1. **la-bench-parser**: Extract experimental data from JSONL
2. **web-reference-fetcher**: Fetch reference materials
3. **procedure-generator**: Generate detailed experimental procedures
4. **procedure-checker**: Validate and score generated procedures (10-point scale)

All intermediate and final outputs are saved to standardized directory structure: `workdir/{filename}_{entry_id}/`

## When to Use This Skill

Use this skill when:
- Processing LA-Bench JSONL files (public_test.jsonl, private_test_input.jsonl, etc.)
- Generating experimental procedures from LA-Bench format data
- Validating generated procedures against LA-Bench quality standards
- Batch processing multiple LA-Bench entries
- Testing or evaluating procedure generation capabilities

## Workflow

### Step 1: Parse LA-Bench Entry

Extract experimental data from JSONL file using la-bench-parser skill.

**Input:**
- JSONL file path (e.g., `data/public_test.jsonl`)
- Entry ID (e.g., `public_test_1`)

**Execution:**
```bash
# Extract filename without extension
filename=$(basename "data/public_test.jsonl" .jsonl)  # "public_test"

# Create working directory
mkdir -p workdir/${filename}_${entry_id}

# Parse entry
python .claude/skills/la-bench-parser/scripts/parse_labench.py \
  data/public_test.jsonl ${entry_id} \
  > workdir/${filename}_${entry_id}/input.json
```

**Output:**
- `workdir/{filename}_{entry_id}/input.json`

**Content:**
- instruction
- mandatory_objects
- source_protocol_steps
- expected_final_states
- references
- measurement.specific_criteria (if available)

### Step 2: Fetch Reference Materials (Optional)

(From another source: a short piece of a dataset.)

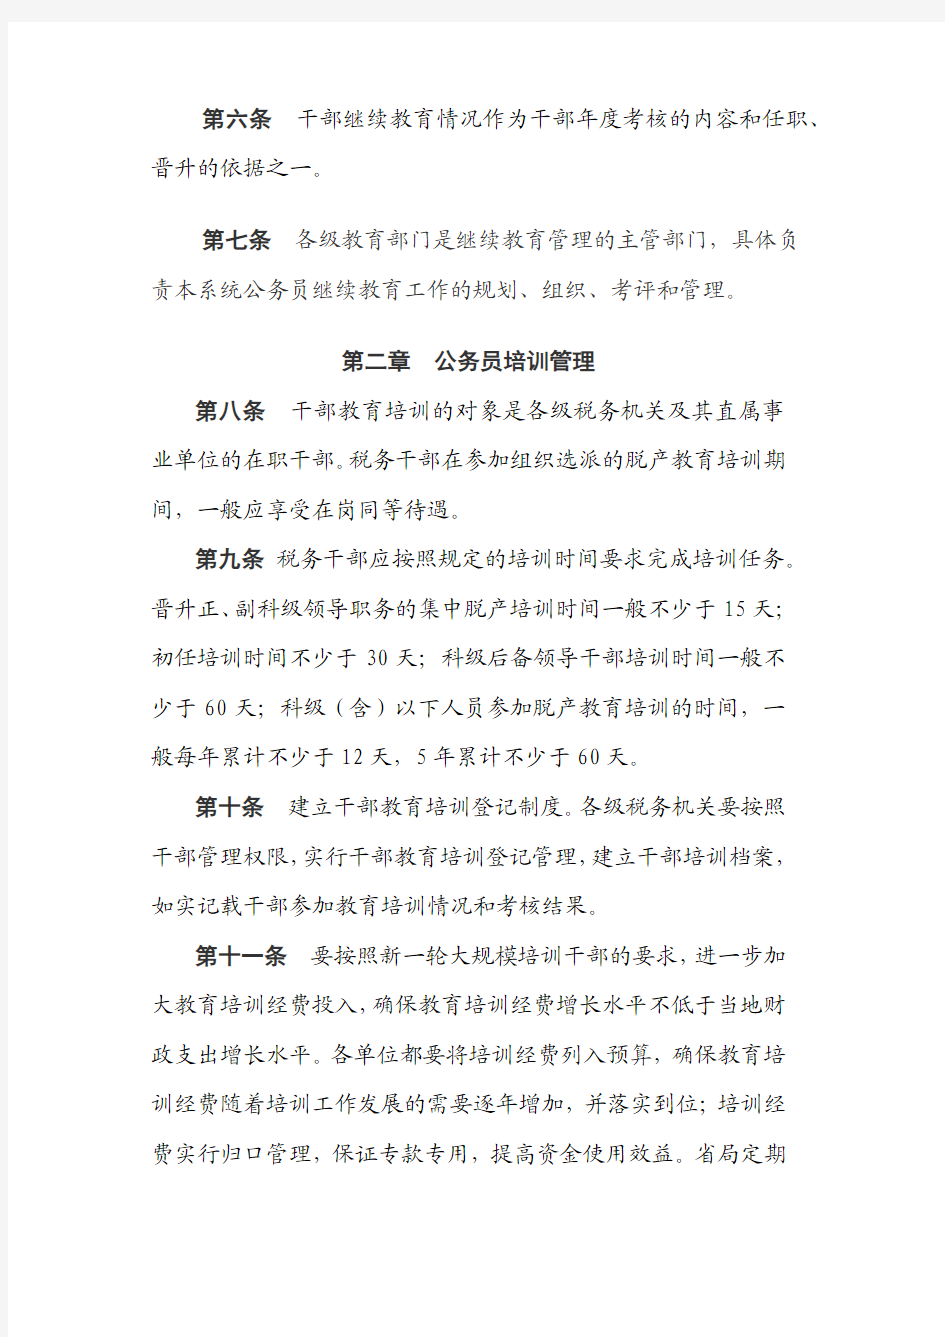 河南省国家税务局继续教育管理办法(修订)

Fetch reference URLs using web-reference-fetcher skill if references exist in input.json.

**Input:**
- Reference URLs from input.json

**Execution:**
```bash
mkdir -p workdir/${filename}_${entry_id}/references

# For each reference URL (ref_1, ref_2, ...)
python3 .claude/skills/web-reference-fetcher/scripts/fetch_url.py \
  "${reference_url}" \
  --output workdir/${filename}_${entry_id}/references/ref_${i}.md
```

**Output:**
- `workdir/{filename}_{entry_id}/references/ref_1.md`
- `workdir/{filename}_{entry_id}/references/ref_2.md`
- ... (one file per reference)

**Note:** If references cannot be fetched or URLs are inaccessible, proceed to Step 3 without reference materials.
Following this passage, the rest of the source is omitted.